Can you reproduce the problem? Can you run time under strace to show
what values were returned from the system call?
$ strace -v -o time.strace.out /usr/bin/time -v SOMEPROGRAM
That should print to the time.strace.out file the values of the rusage
structure returned from the wait4(2) system call. That is the
information that GNU time prints out. That information is direct from
the Linux kernel. But hopefully the strace will show something
interesting.
Thanks,
Bob
Thu, 30 Sep 2010 23:40:47 -0600, bob wrote:
...
> $ strace -v -o time.strace.out /usr/bin/time -v SOMEPROGRAM
...
> That should print to the time.strace.out file the values of the rusage
> structure returned from the wait4(2) system call. That is the
> information that GNU time prints out. That information is direct from
> the Linux kernel.
Here is the standard output from the line you suggested:
User time (seconds): 1203.23
System time (seconds): 0.62
Percent of CPU this job got: 99%
Elapsed (wall clock) time (h:mm:ss or m:ss): 20:04.45
Average shared text size (kbytes): 0
Average unshared data size (kbytes): 0
Average stack size (kbytes): 0
Average total size (kbytes): 0
Maximum resident set size (kbytes): 2004096
Average resident set size (kbytes): 0
Major (requiring I/O) page faults: 3
Minor (reclaiming a frame) page faults: 125482
Voluntary context switches: 200
Involuntary context switches: 102319
Swaps: 0
File system inputs: 287616
File system outputs: 0
Socket messages sent: 0
Socket messages received: 0
Signals delivered: 0
Page size (bytes): 4096
Exit status: 0
Note the resident set size (RSS) of 2004096,
top and htop show only around 500000.
And the wait4 result "ru_maxrss" differs as expected:
wait4(-1, [{WIFEXITED(s) && WEXITSTATUS(s) == 0}], 0, {ru_utime={1203, 239197}, ru_stime={0, 620038}, ru_maxrss=501024, ru_ixrss=0, ru_idrss=0, ru_isrss=0, ru_minflt=125482, ru_majflt=3, ru_nswap=0, ru_inblock=287616, ru_oublock=0, ru_msgsnd=0, ru_msgrcv=0, ru_nsignals=0, ru_nvcsw=200, ru_nivcsw=102319}) = 9953
Who multiplies the correct "ru_maxrss" value by 4?

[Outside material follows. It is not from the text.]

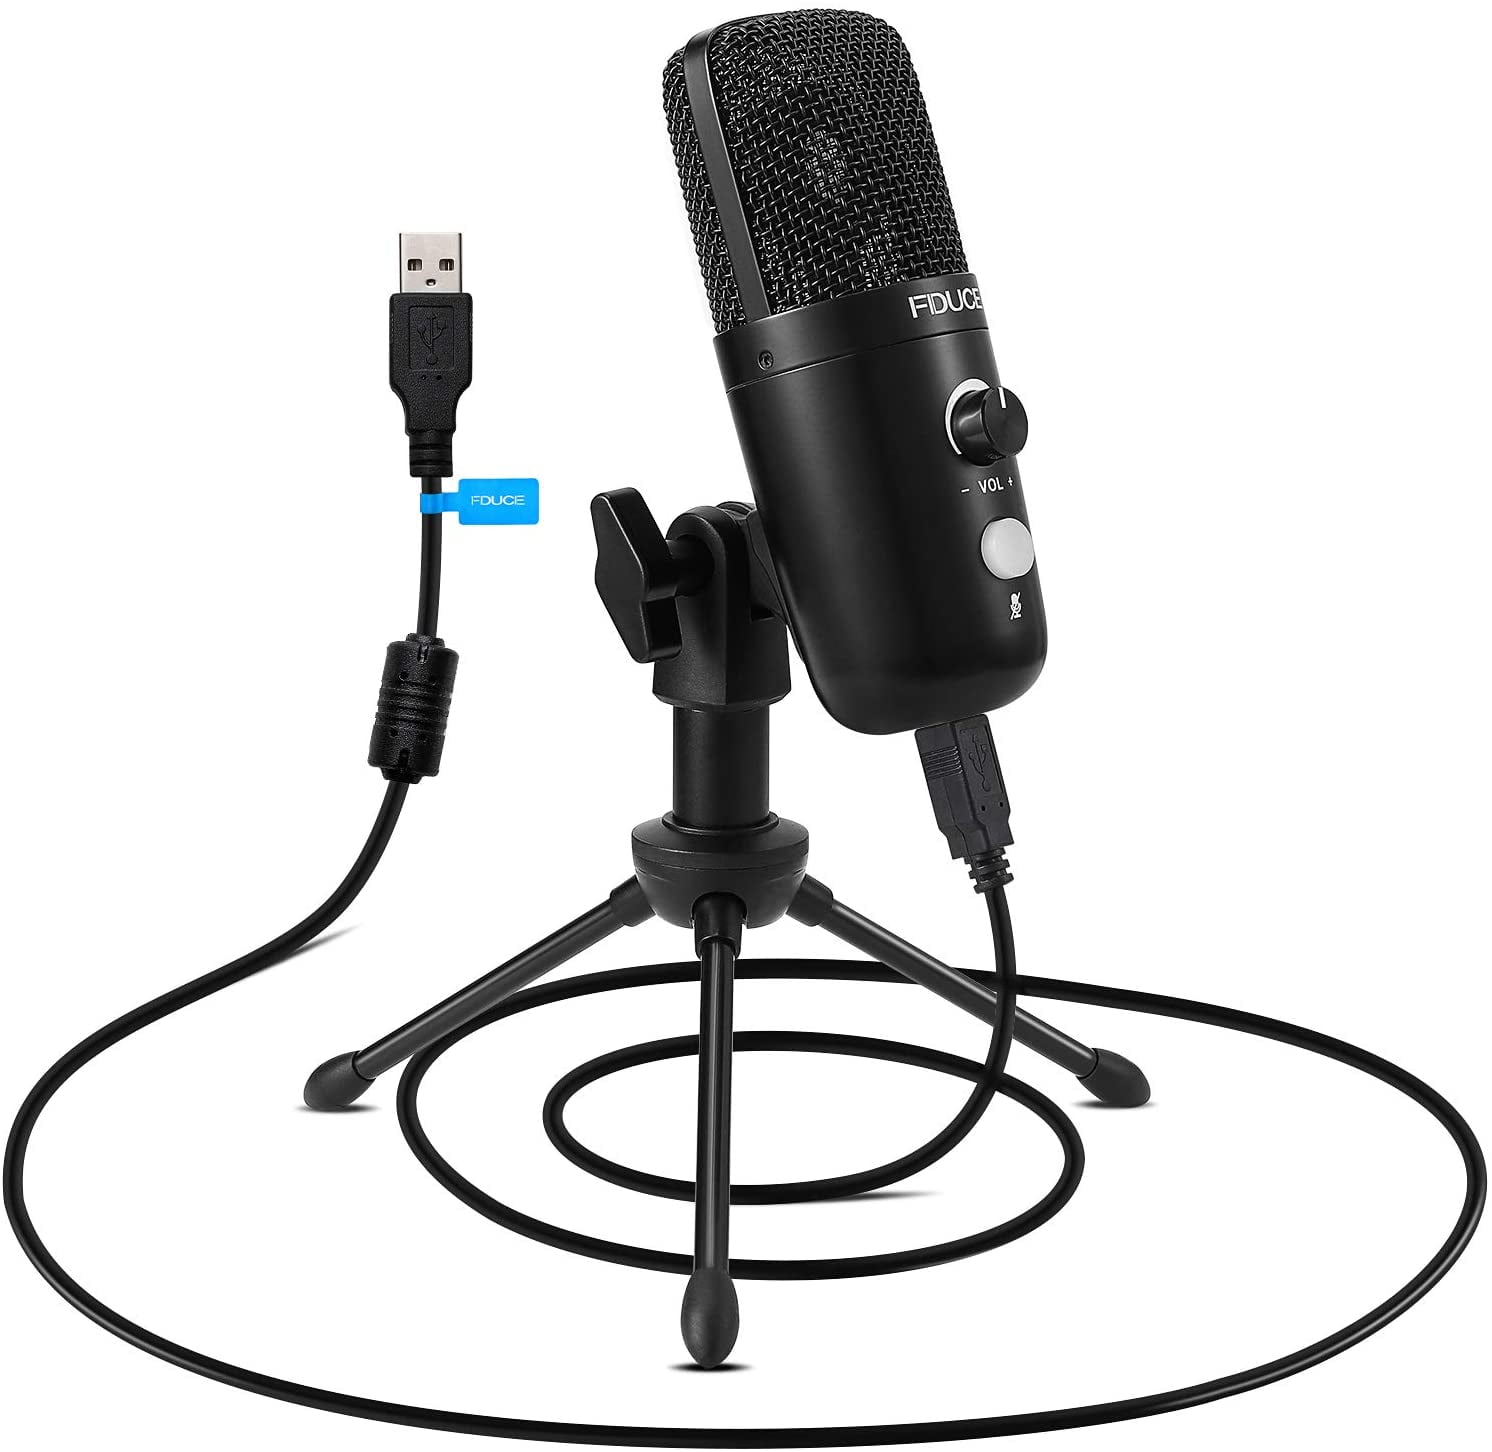 TOOGOO PC-Mikrofon Plug & Play 3,5 Mm Home Studio-Mikrofon mit Kugelcharakteristik Geeignet für Desktop/Laptop/Computer/Notebook/YouTube/Podcasting/Spiel/Chat 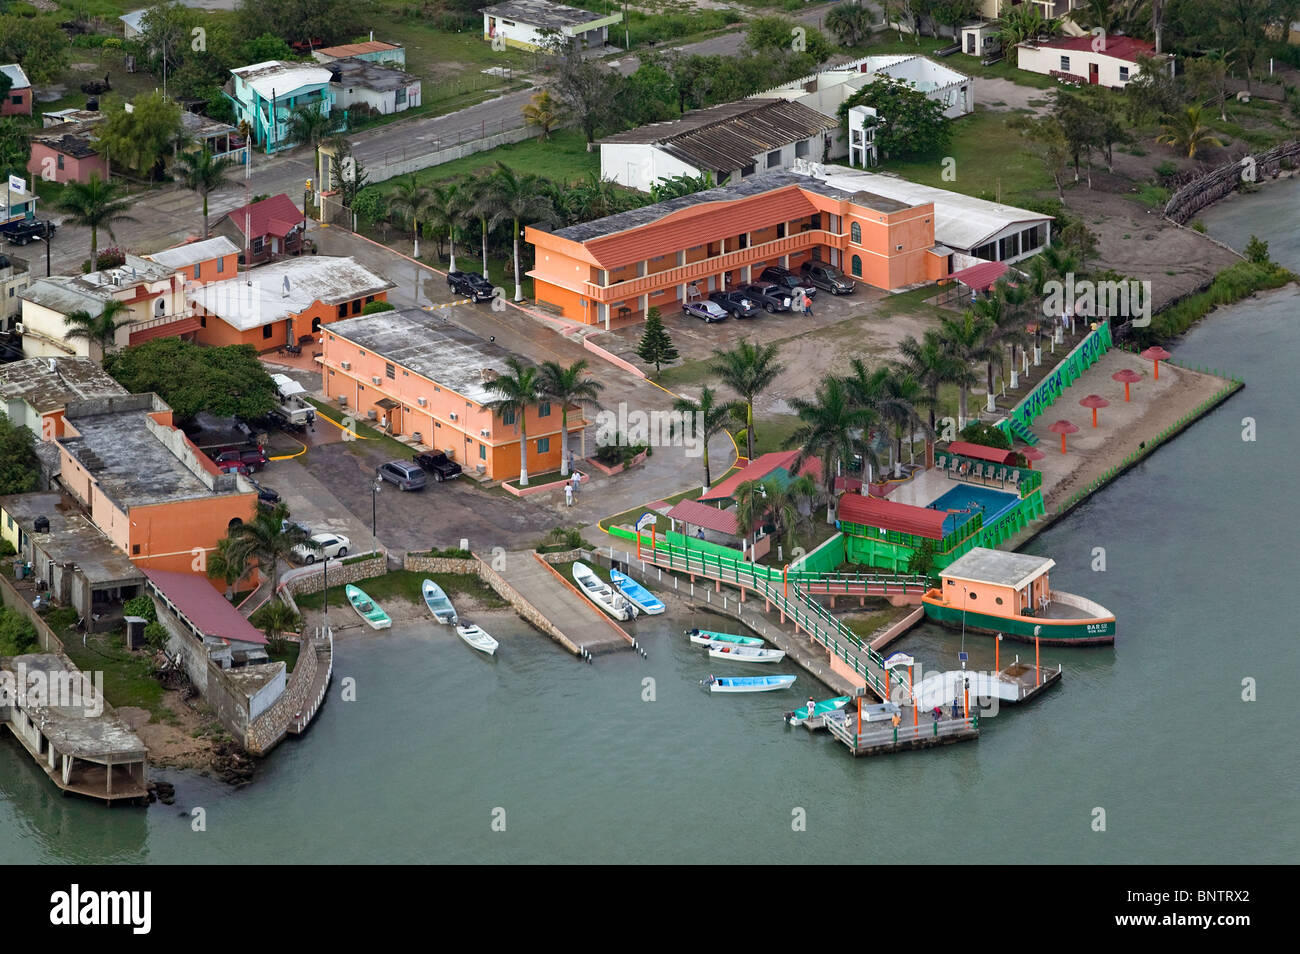 Vista aérea de la rivera del rio arriba hotel Río Soto La Marina La pesca fluvial Tamaulipas México Foto de stock

Some more details about my machine:
> /usr/bin/time -V
GNU time 1.7
> uname -a
Linux ... 2.6.34.7-0.3-default #1 SMP 2010-09-20 15:27:38 +0200 x86_64 x86_64 x86_64 GNU/Linux
> rpm -q -f /usr/bin/time
util-linux-2.17.2-5.3.x86_64
> cat /etc/SuSE-release
openSUSE 11.3 (x86_64)
VERSION = 11.3
Greetings
Sven
Thank you for your report. You have indeed found a bug in GNU time.
GNU time is expecting the ru_maxrss value to indicate in pages and is
converting that value from number of pages to kbytes. That is
incorrect and results in the bug you found.
> And the wait4 result "ru_maxrss" differs as expected:
> wait4(... , ru_maxrss=501024, ...
>
> Who multiplies the correct "ru_maxrss" value by 4?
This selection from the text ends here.